Technique to help autistic people impress employers
Individuals with an autism spectrum disorder can brighten their chances of bagging a job now. A new simulated training technique teaches them how to develop rapport and impress the interviewer.
Adults with an autism spectrum disorder, who may have trouble talking about themselves and interacting socially, do not always make good impressions in job interviews and have low employment rates.
"Adults with an autism spectrum disorder tend to have difficulties with social communication, which may interfere with them having a successful job interview," said lead study author Matthew J. Smith from Northwestern University.
A new human simulation training programme - based on software originally used to train FBI agents - helps adults with autism improve their job interview skills and confidence, the new Northwestern Medicine study reported.
"Our programme helps trainees learn to talk about their ability to work as a team member so they sound easy to work with. They also learn how to sound interested and enthusiastic about a potential job, as well as convey that they are a hard worker," said Smith, an assistant professor of psychiatry and behavioural sciences.
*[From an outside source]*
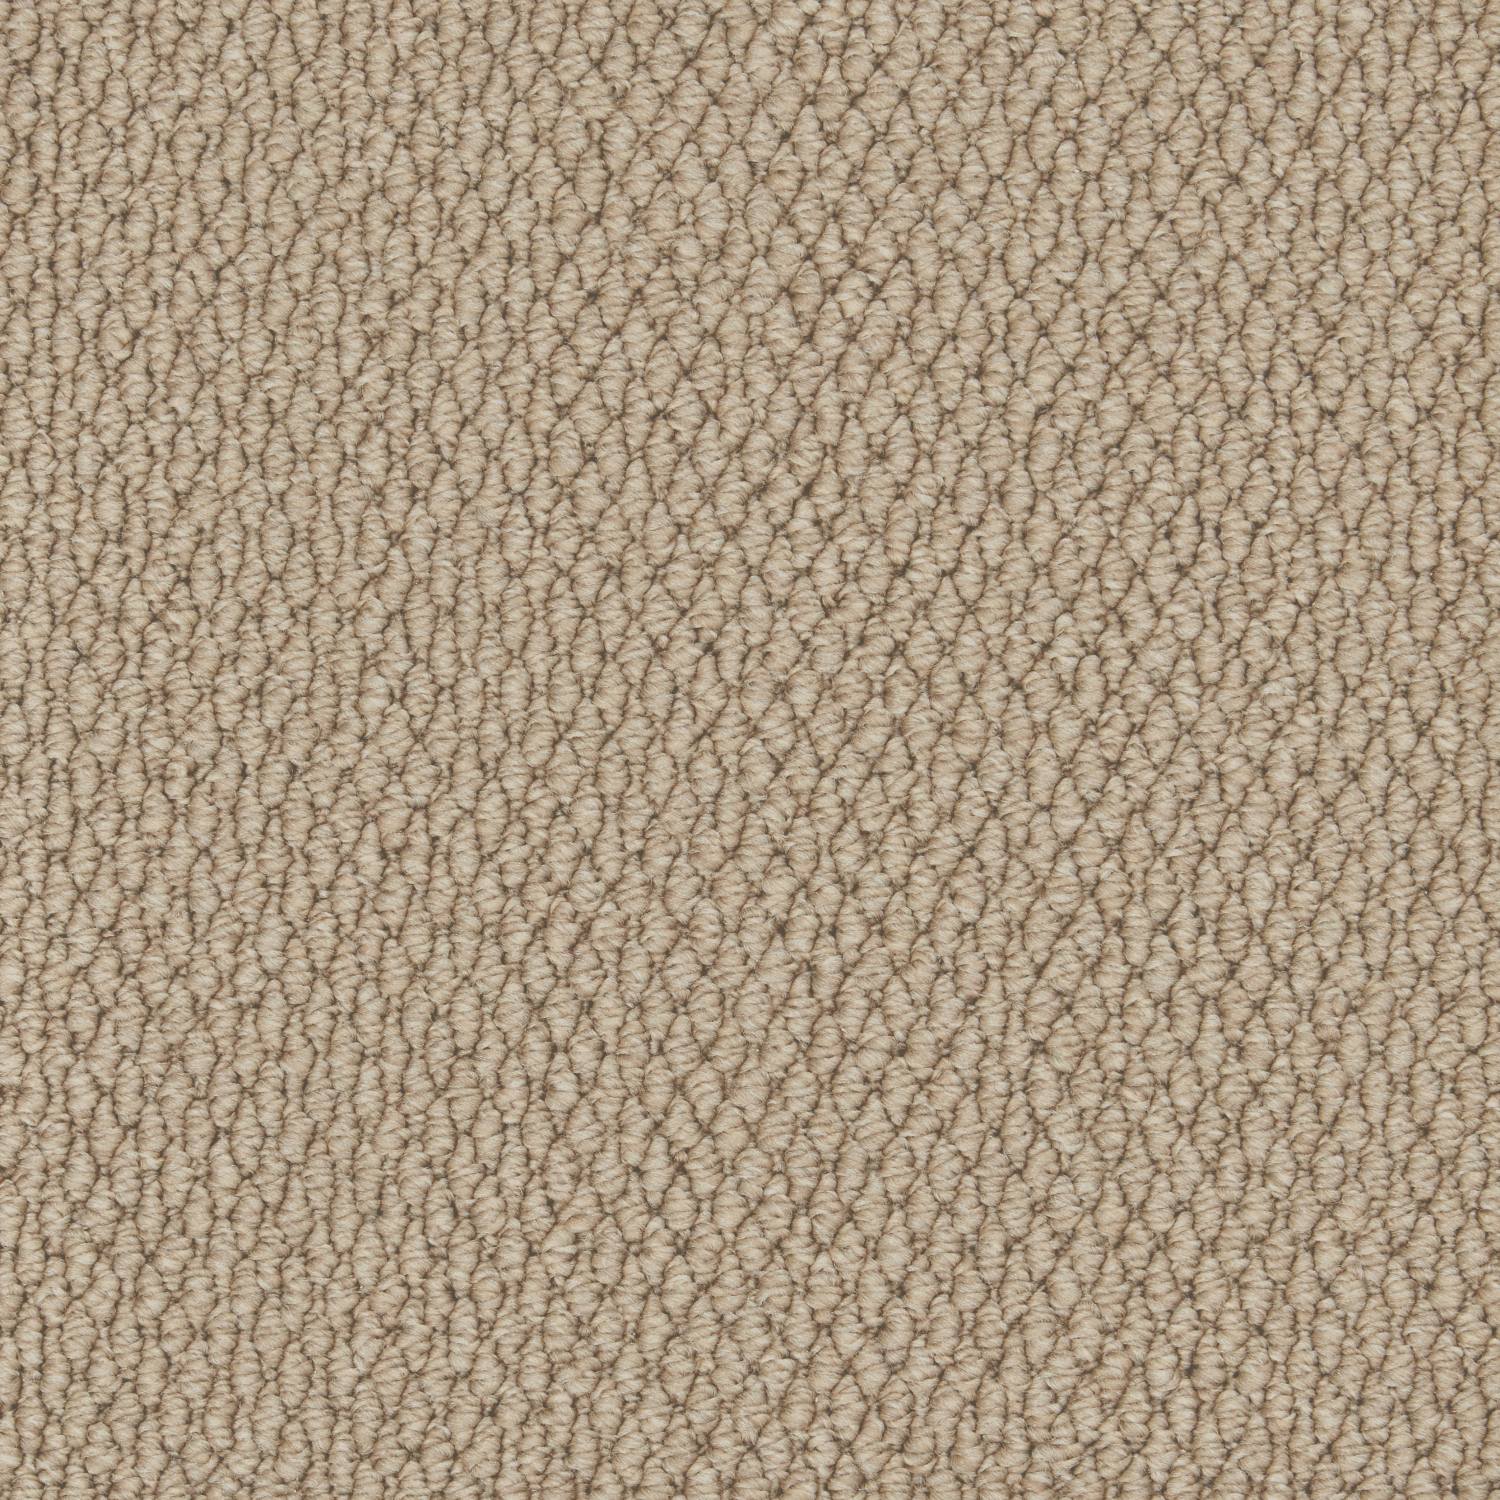 Rural Textures Loop Carpet - Roast Coffee Weave

"We hope that this training programme can improve the employment potential for persons with autism spectrum disorder," added senior study author Michael Fleming, a professor of psychiatry and behavioural sciences at Northwestern's Feinberg School of Medicine.
The trial included 16 individuals, aged 18 to 31, who received the job interview simulation training and 10 in the control group who did not.
Those in the training group each practiced 15 to 20 job interviews with the virtual reality training.
Trainees receive a score at the end of each interview with scores of 90 or better informing them that, "You've got the job!"
The study has been published in the Journal of Autism and Developmental Disorders.